L’île d’Avidibe où ils font de l’eau et débarquent trois cents de leurs malades est celle de l’Anjedive qui fut depuis la station où les navires portugais ne manquaient jamais de toucher, avant d’aborder le continent de la péninsule indienne. Le lézard de cinq pieds de longueur qu’ils tuèrent à Avidibe était sans doute un de ces crocodiles qui pullulent dans l’Inde.

Le Montebyl de notre auteur dans le royaume de Cannaer (Cananor) est le Mont-Ely de Marco Polo. Ils attendirent là les navires de la Mecque qui allaient porter les épices en Égypte d’où on les expédiait à Venise. On sait que la décadence commerciale de ce grand entrepôt du commerce de l’Orient date de la découverte par Vasco da Gama de la nouvelle route des Indes. Les Portugais, dit notre aventurier, formèrent le projet de détruire tous les navires maures afin que le roi de Portugal devînt le seul importateur des épices en Europe ; mais ils ne purent mettre ce projet à exécution.

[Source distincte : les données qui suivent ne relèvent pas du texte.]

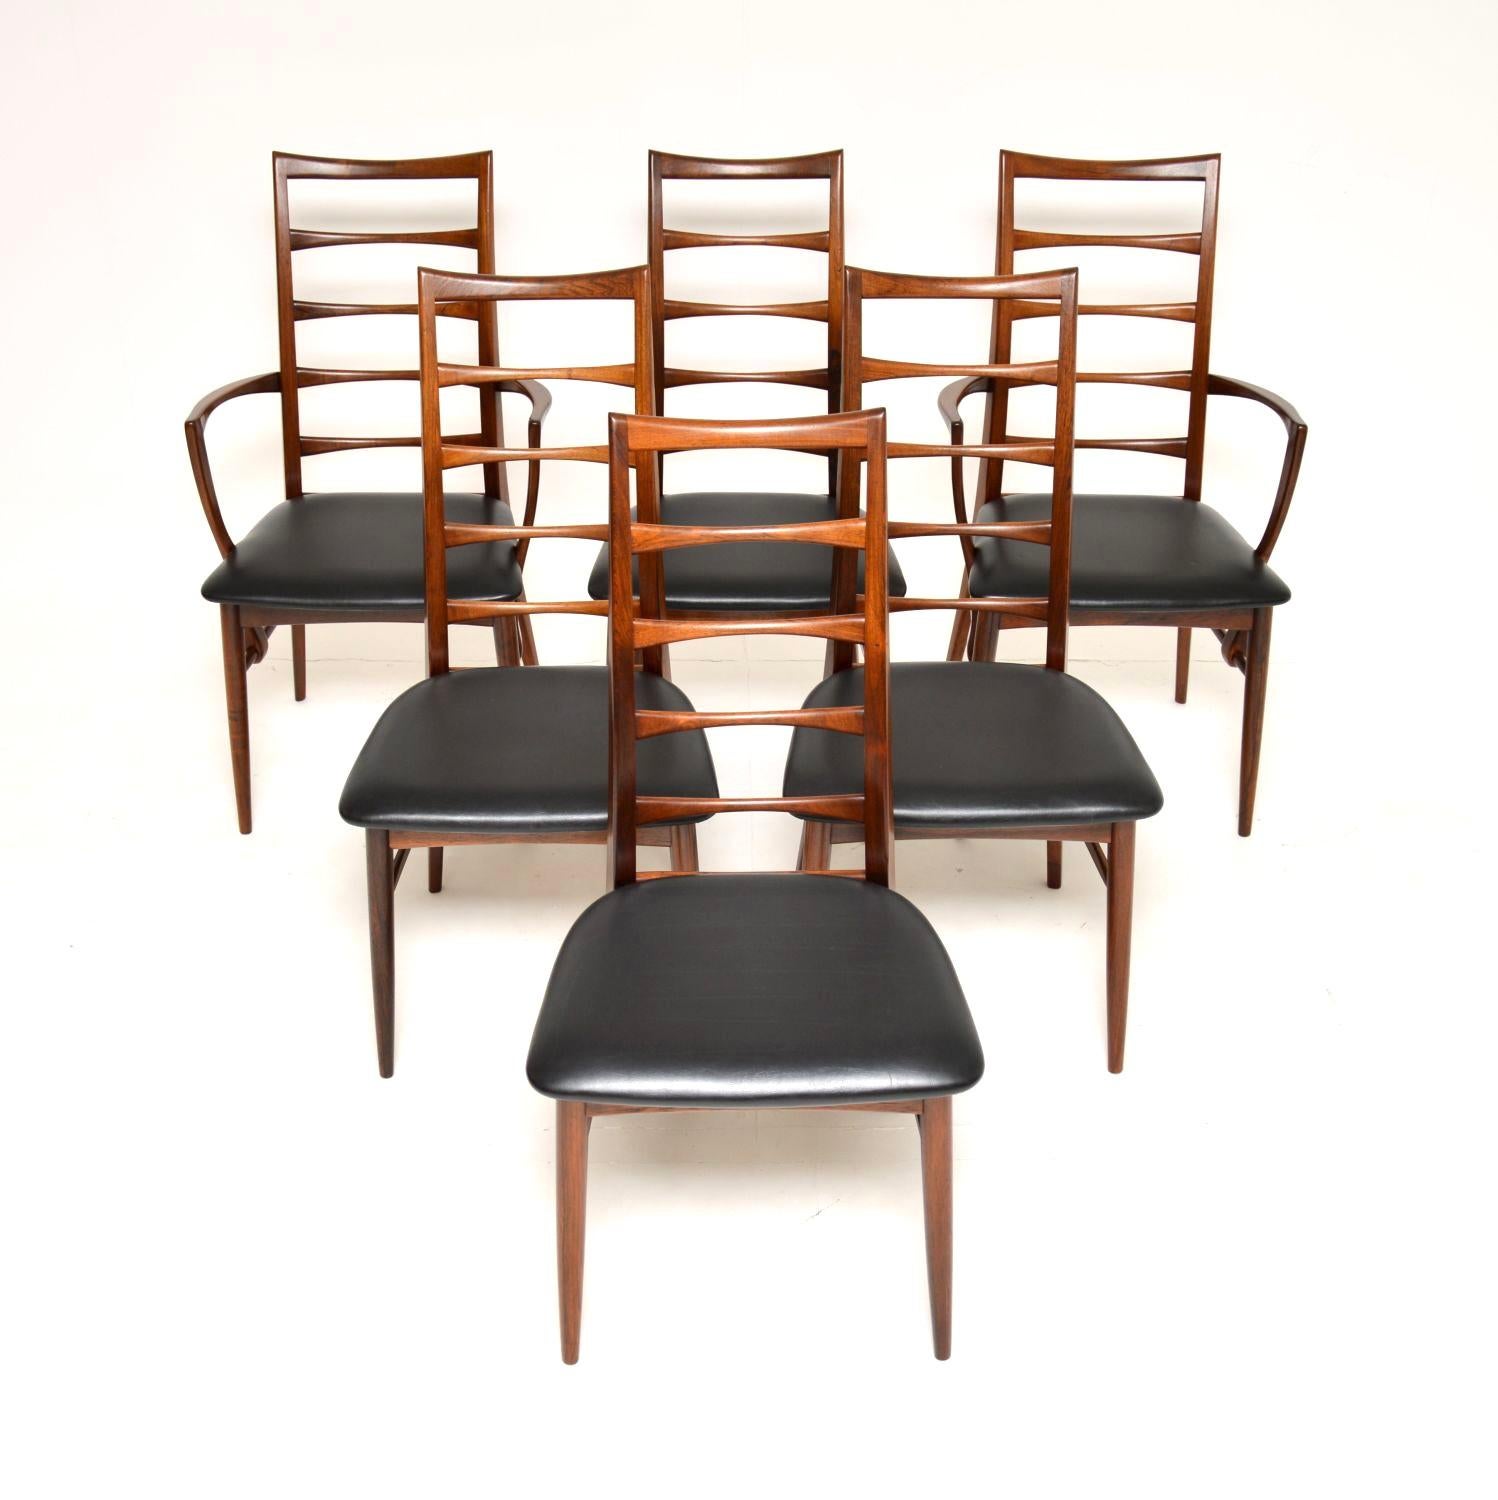 Ein äußerst stilvolles und sehr seltenes Set von sechs dänischen Esszimmerstühlen. Sie wurden von Niels Koefoed entworfen und in den 1960er Jahren in Dänemark von Koefoed Hornslet hergestellt. Dieses Modell wird als 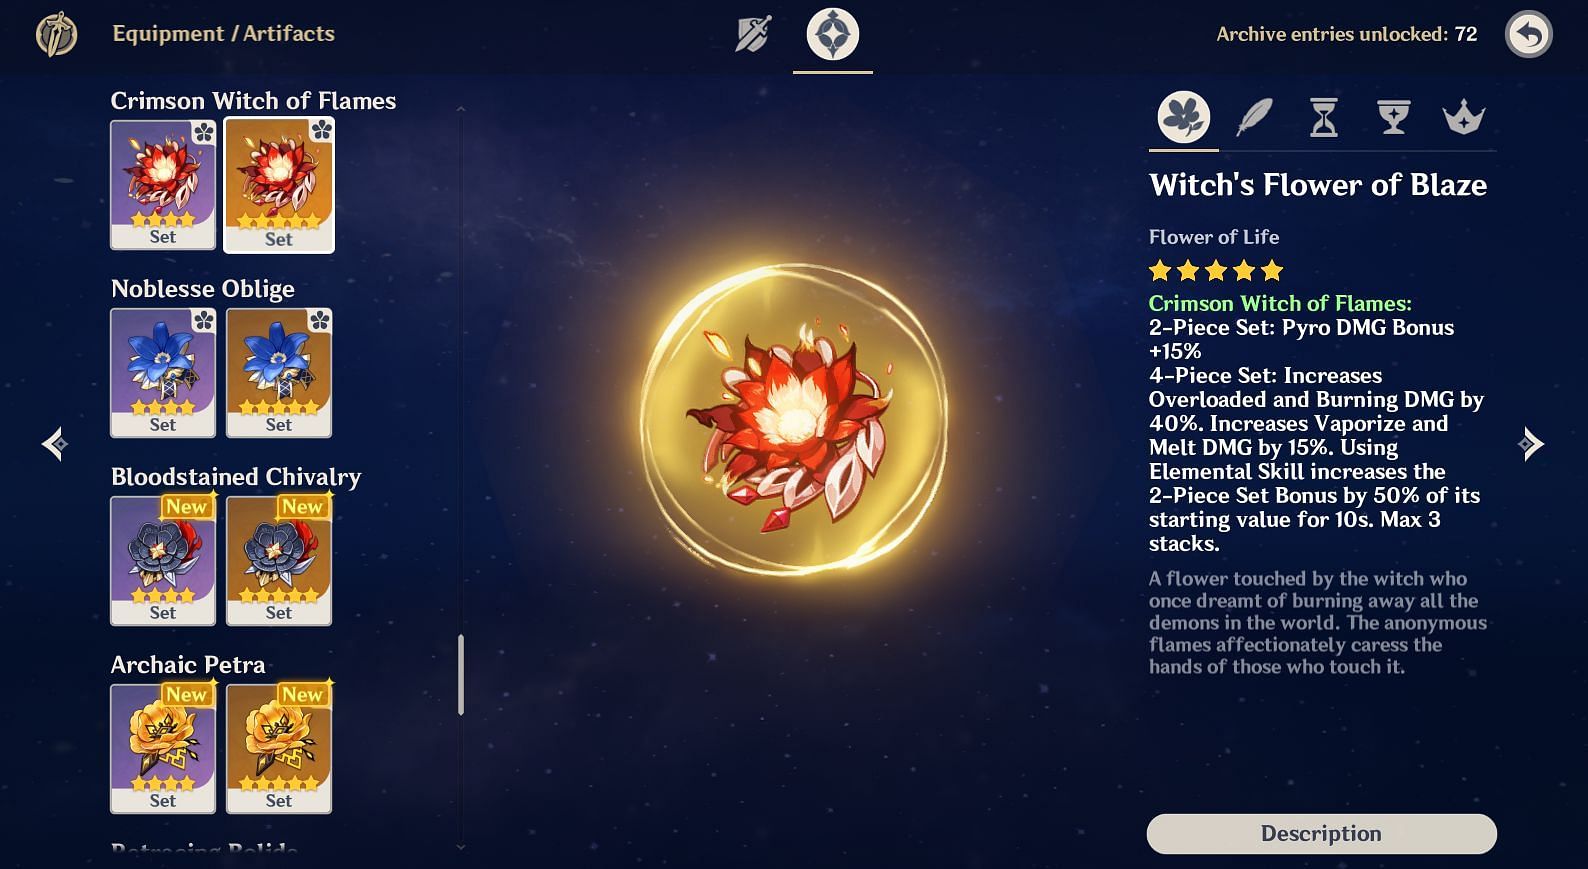 Crimson Witch of Flames description (Image via Genshin Impact)

Ils s’emparèrent pourtant d’un grand navire de la Mecque (le Merii, disent plus tard les historiens) qui avait à bord trois cents passagers parmi lesquels se trouvaient beaucoup de femmes et d’enfants. C’était sans doute un de ces navires qui conduisent tous les ans un si grand nombre de pèlerins au tombeau du prophète. Ils le pillèrent et le firent sauter avec tous les passagers qu’il portait.

Les historiens portugais, pour atténuer la cruauté de ce procédé, conforme aux mœurs barbares de l’époque, ont dit depuis que les enfants furent sauvés et transportés sur la caravelle du Capitan-Môr ; mais notre auteur ne fait aucune mention de cette circonstance atténuante.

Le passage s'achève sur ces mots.